とうとう住んでいたアパートを家賃滞納で追い出され、路頭に迷う三郎。
健康を害し、仕事ができない、住所が定まっていないと就職もできない。
年金も掛けた年数不足で全く貰えず、そんな絶体絶命な状況に追い詰められた三郎は、思い余って役所に行き、生活保護の相談をする。
だが役所の窓口は冷たく突き放し、相手にしてくれない。
途方に暮れる三郎。
絶望に苛まれた彼は、橋の欄干に手を添え、いつまでも夕日を見ていた。
そんな只ならぬ様子に偶然居合わせ、気づいた板倉が声をかける。
こうして三郎は救われ現在に至る。
腰が曲がっていようが、歯が欠けていようが、ここの職場では使ってくれる。
有難くて涙が出るほど感謝している三郎にとって、笑顔で人と接するのは当然。
いつしか別れた妻や成長した娘と逢いたい。
私に愛想を尽かし罵声を浴びせ出て行った妻はともかく、とりわけ大事な娘とは。
それだけが心の支えの三郎だった。
そんな彼を知る官邸・公邸メンバーが冷たく放っておくわけがない。
皆人の痛みを知っているエキスパートだから。
井口外相と平助の外交成果でアメリカjokre大統領との交渉がまとまり、固唾を呑んで状況を見守っていた官邸メンバーたちが大いに沸きあがったある日。
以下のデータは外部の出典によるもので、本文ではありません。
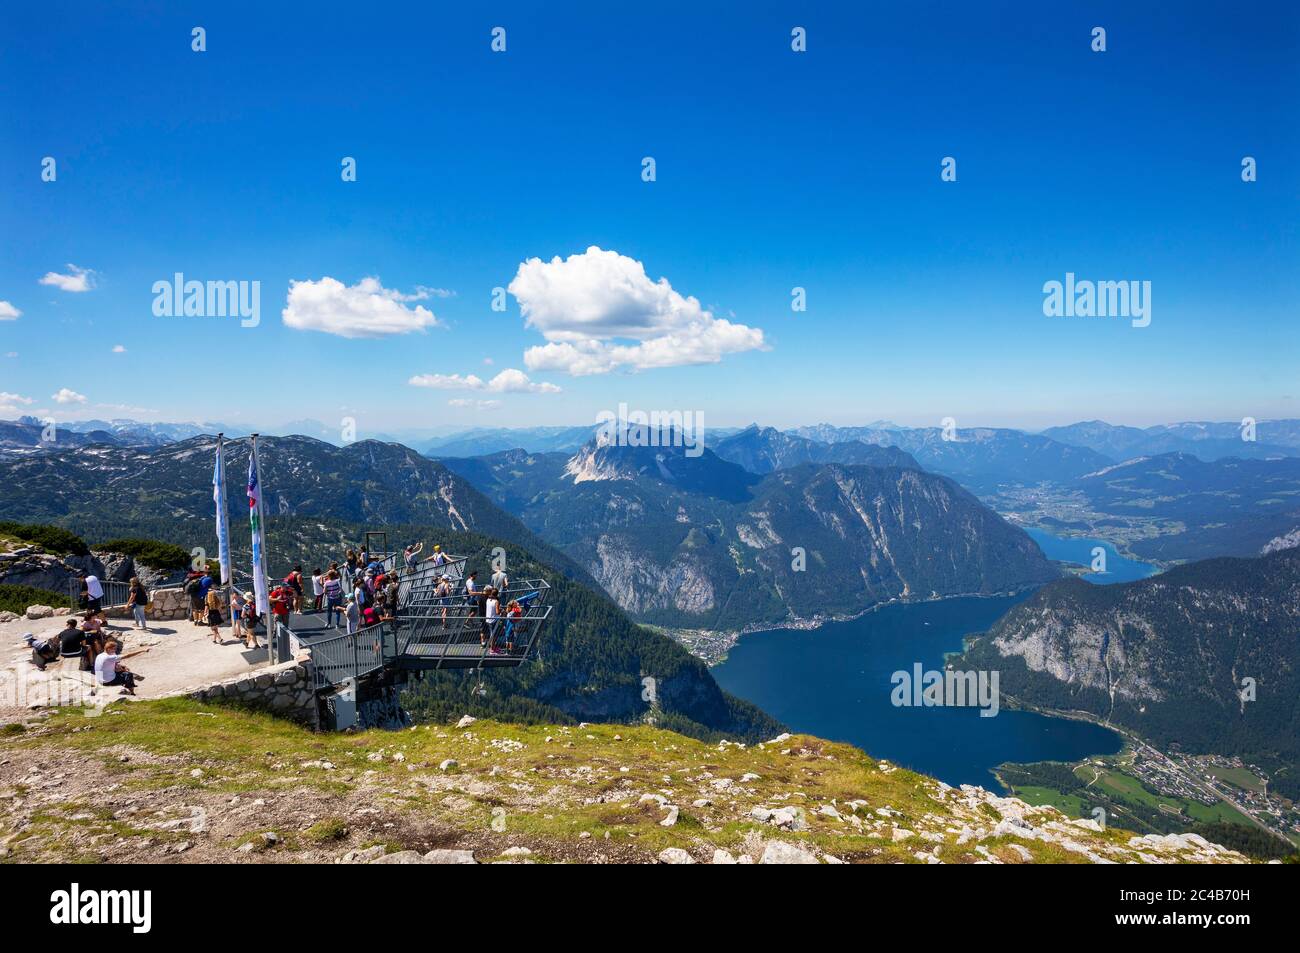 Vista dal punto di osservazione a cinque dita verso il lago Hallstatt, Krippenstein, Obertraun, Hallstatt, Salzkammergut, Austria superiore Foto Stock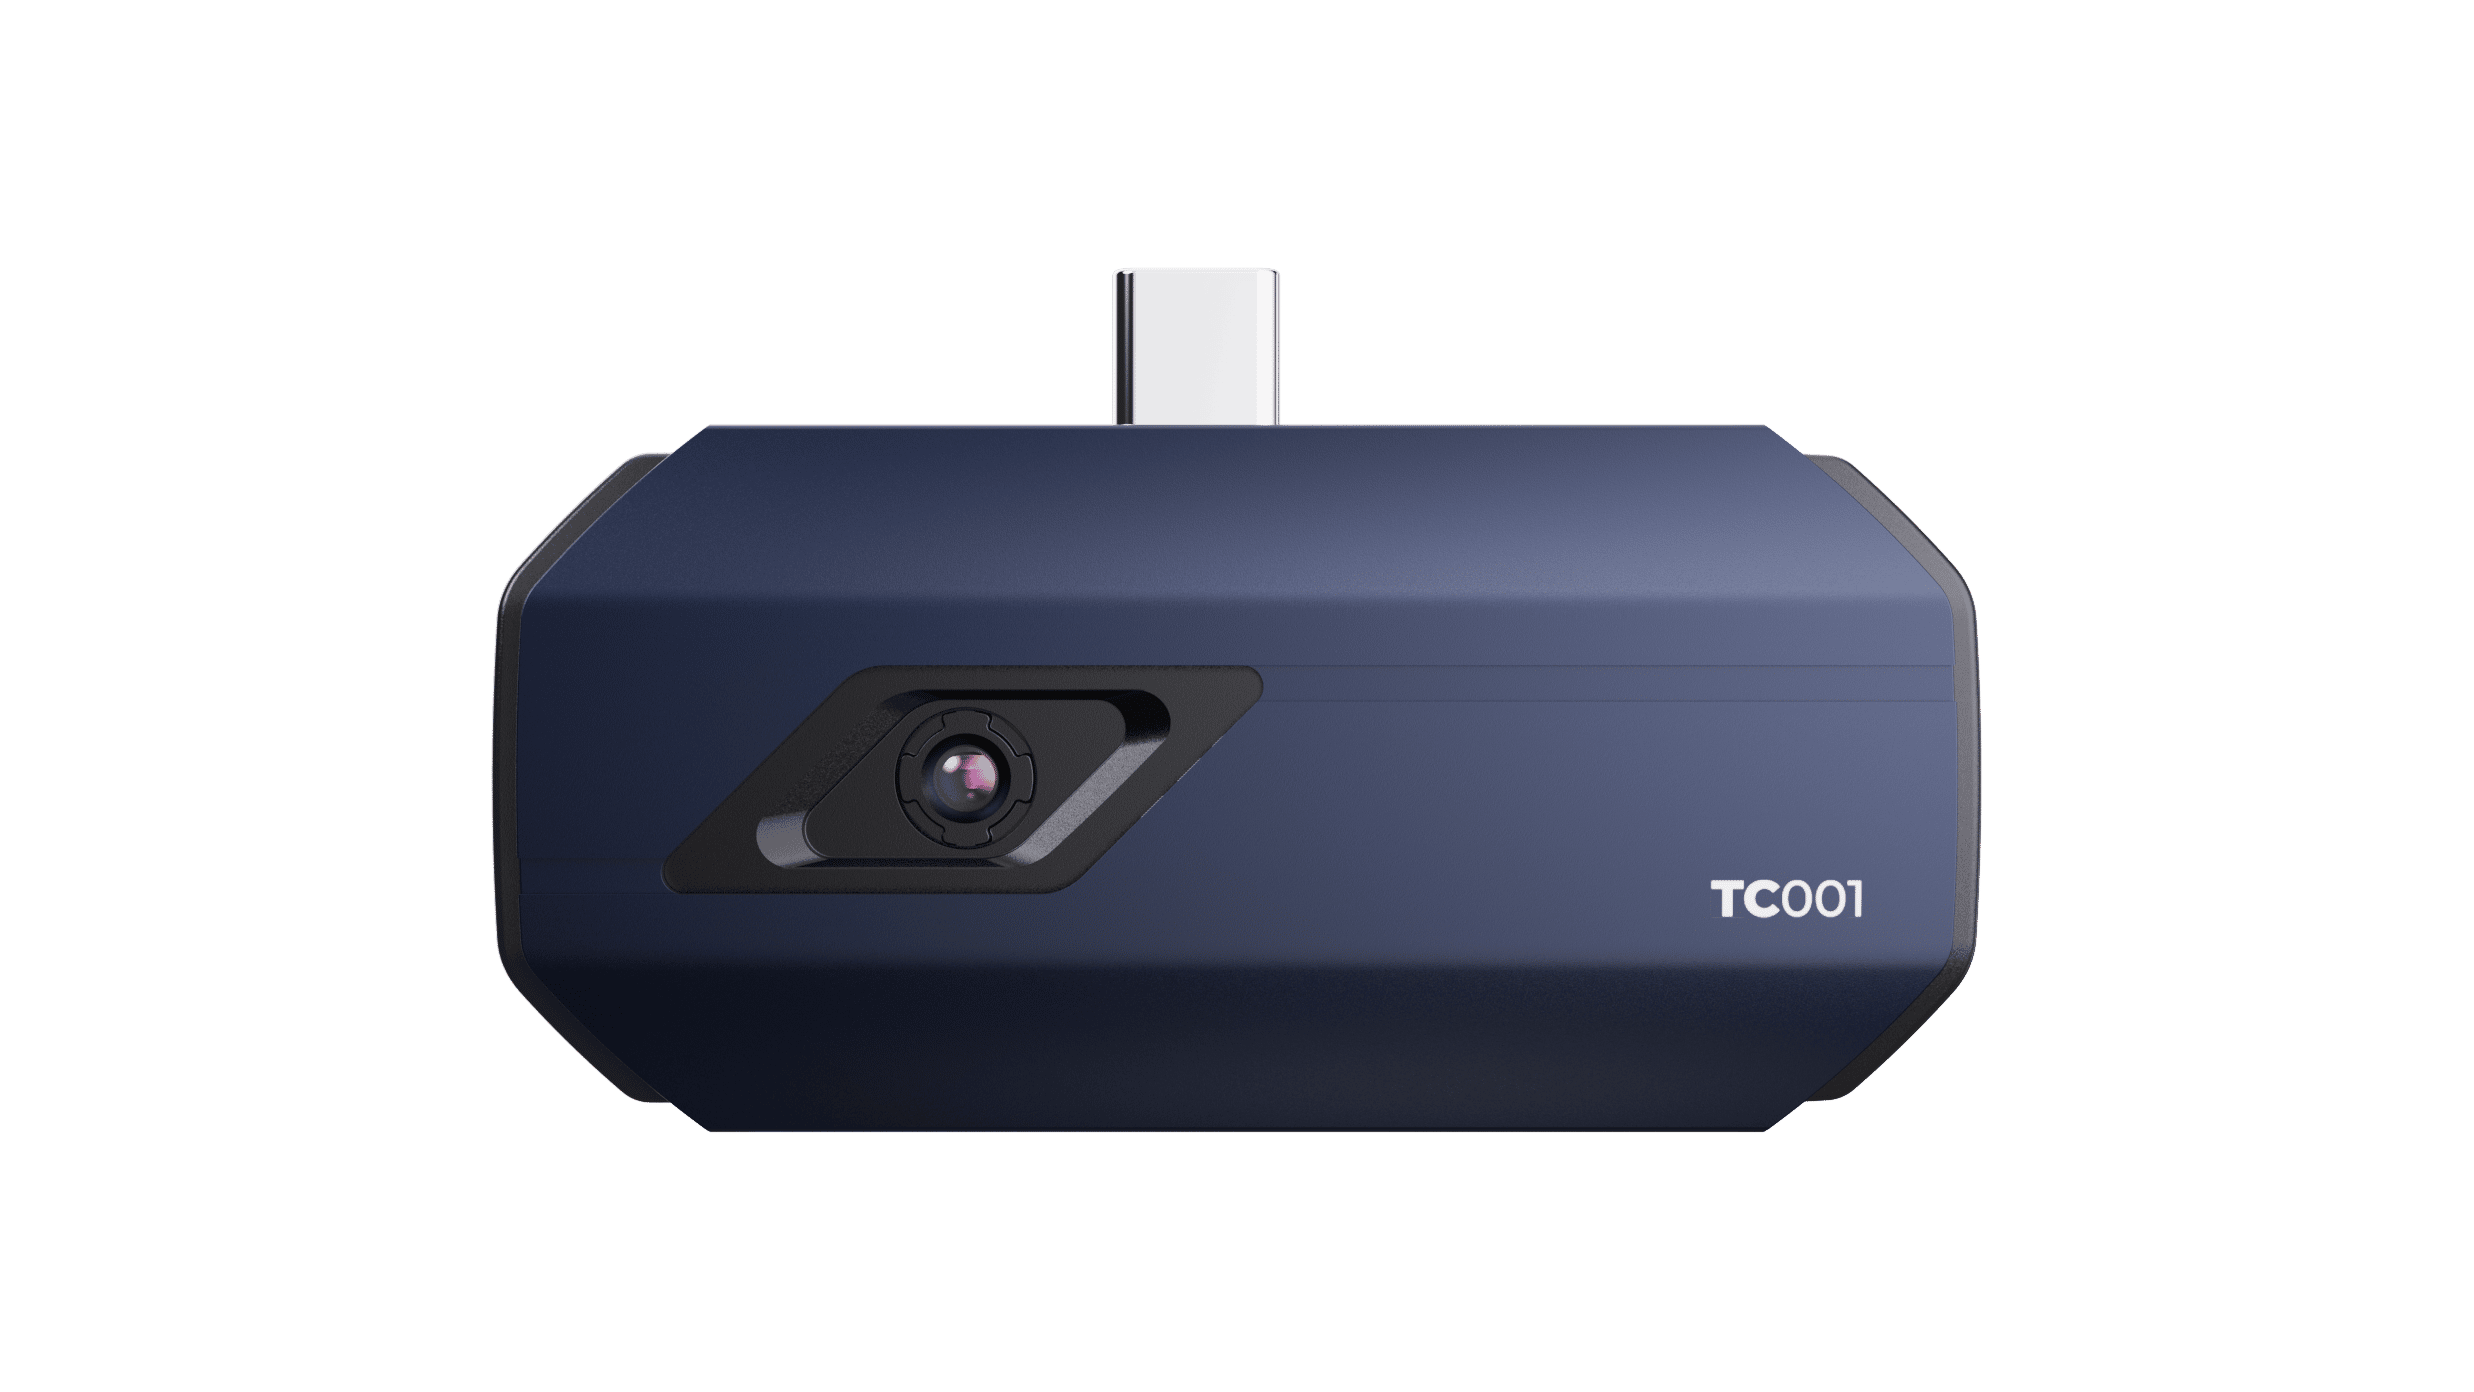 Caméra thermique infrarouge Topdon TC001 (-20 à 550 degrés) à 230,30 euros  (Terminé)

日頃から支えてくれたメンバーたちに、感謝の気持ちを形にしてプレゼントしたい。
そう思った平助は、祝勝会を開催してくれるという田之上官房長官の気遣いを素直に喜んだが、そこに管理人や掃除担当のおばちゃん達はいない。
そこで平助は官邸メンバー達から少しづつカンパを募り、ささやかなながら紅葉巡りの日帰りバスツアーを計画した。
そのイベントには管理人・掃除メンバーの他、板倉・平助・田之上・SPの杉本・何故かカエデ・エリカまで参加するアットホームな催しだった。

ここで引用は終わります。